>>

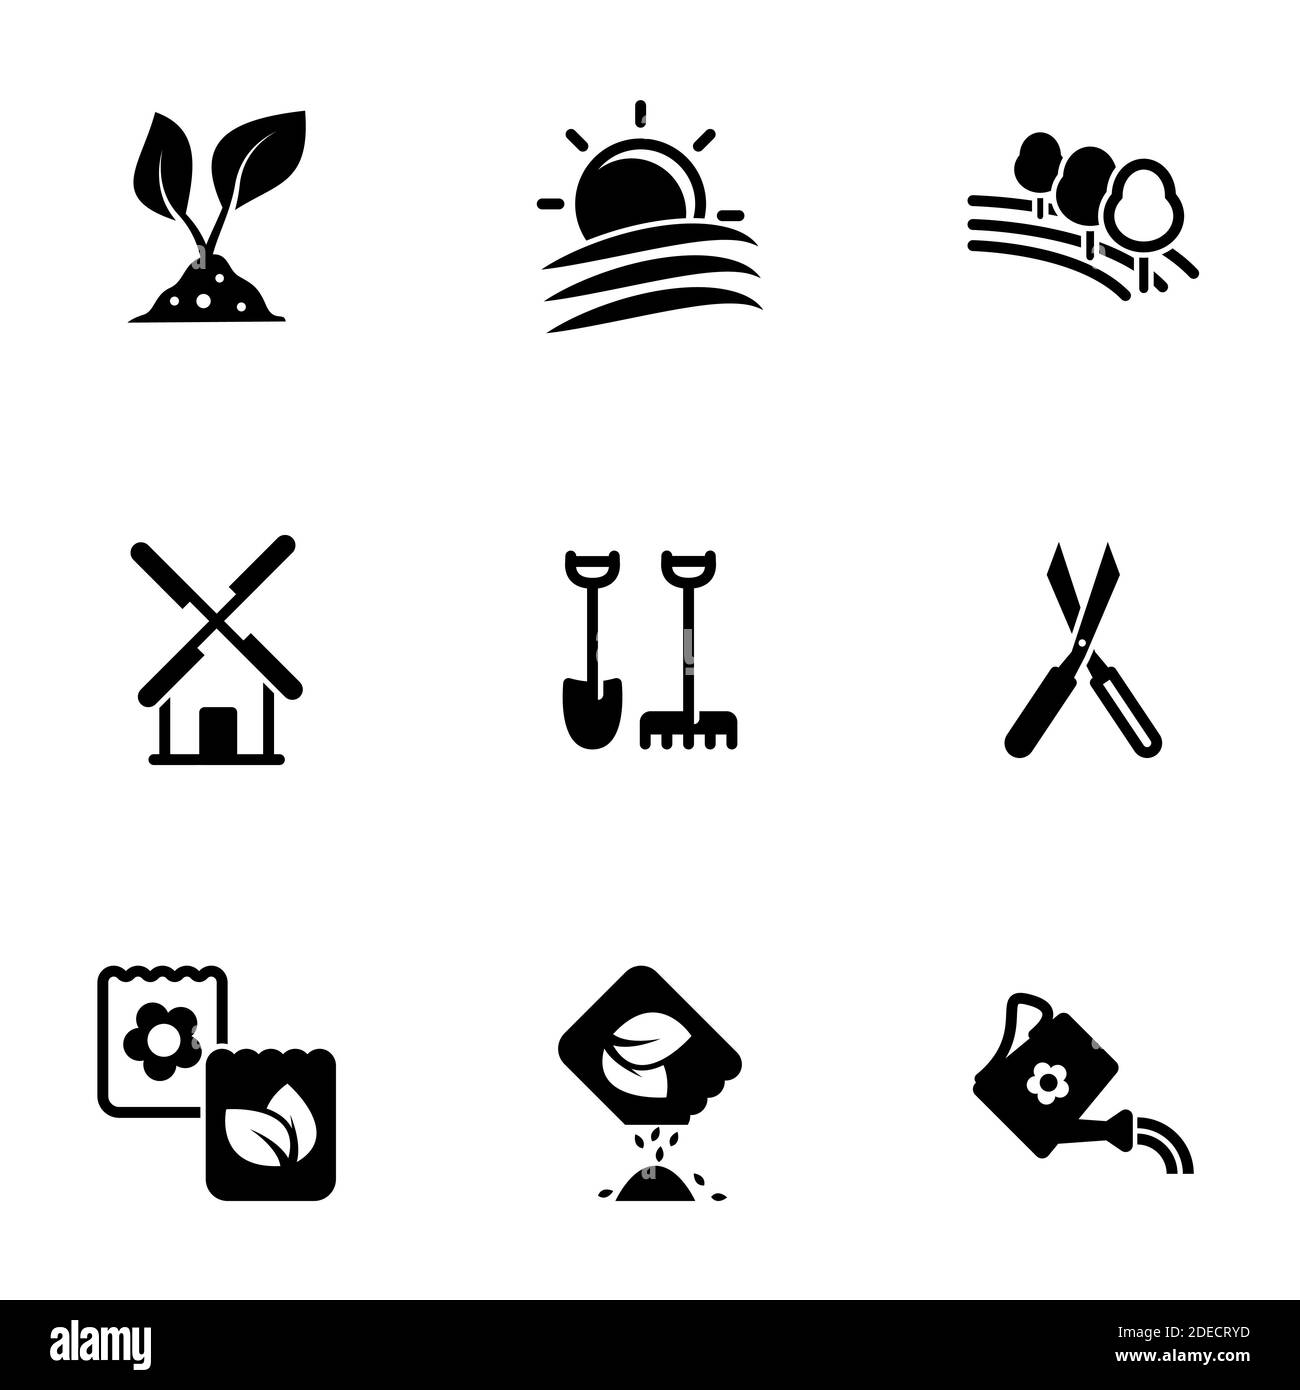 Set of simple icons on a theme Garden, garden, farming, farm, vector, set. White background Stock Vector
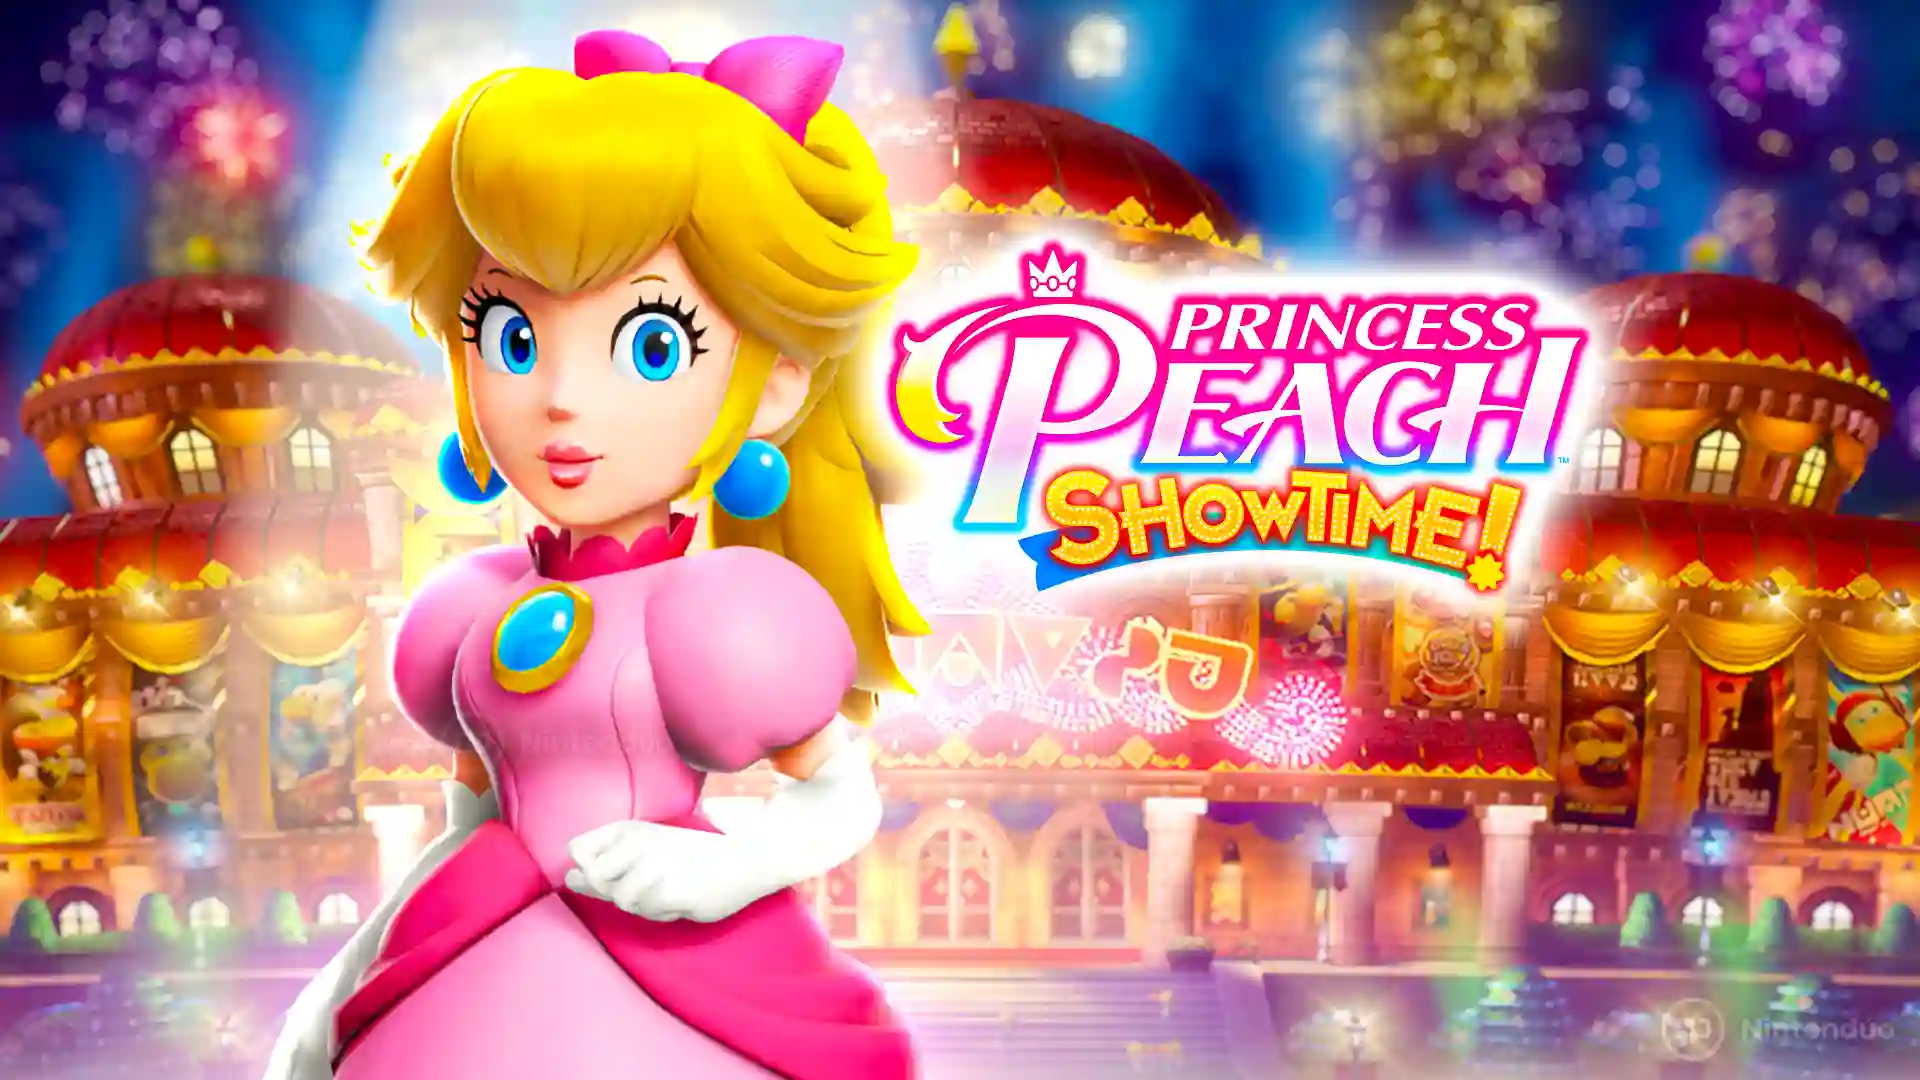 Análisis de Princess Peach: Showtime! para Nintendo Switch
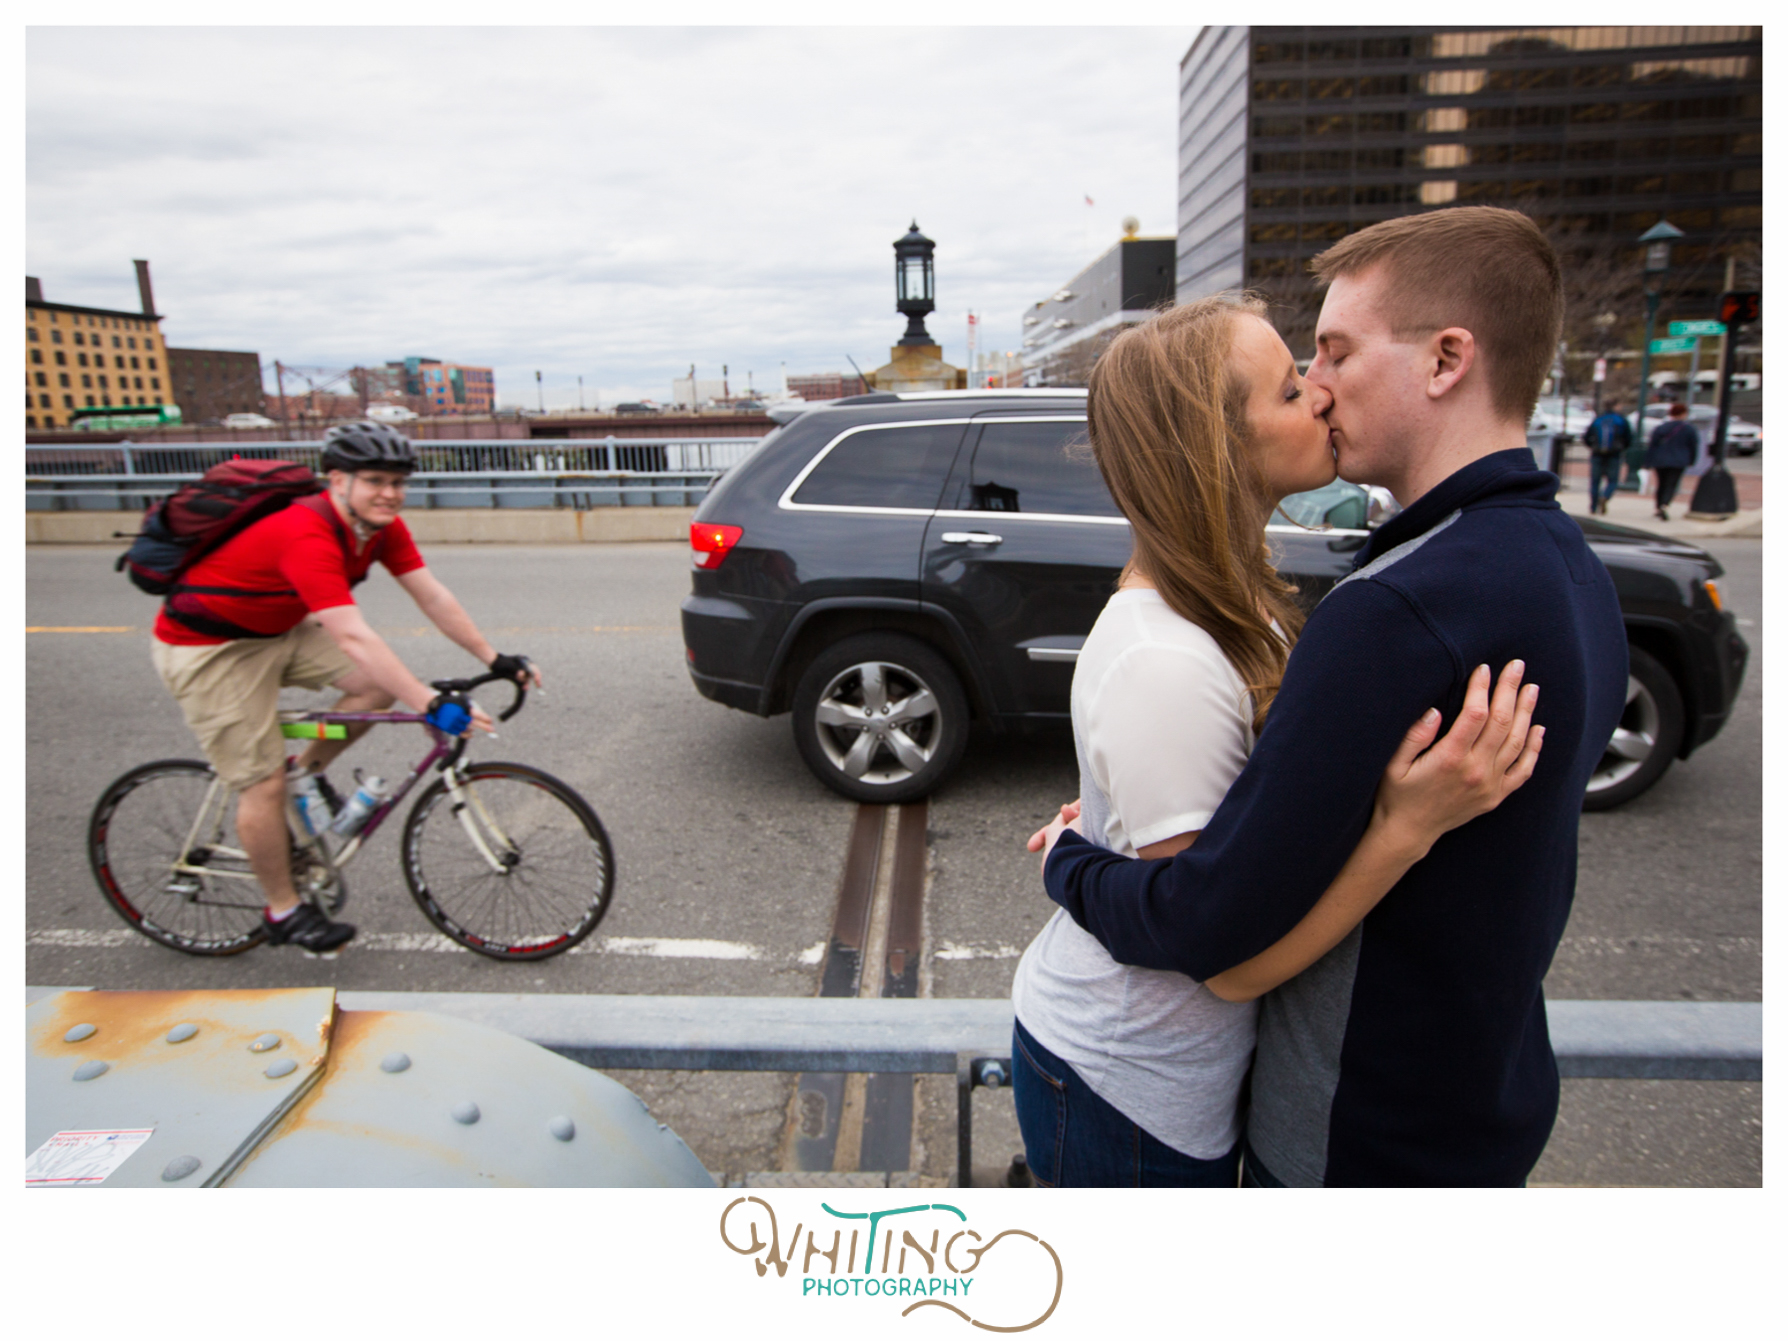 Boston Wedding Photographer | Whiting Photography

<<

# Activity:
Would you restate all of the data above word for word, omitting the pictures?

# Answer:
 Set of simple icons on a theme Garden, garden, farming, farm, vector, set. White background Stock Vector
 Análisis de Princess Peach: Showtime! para Nintendo Switch
 Boston Wedding Photographer | Whiting Photography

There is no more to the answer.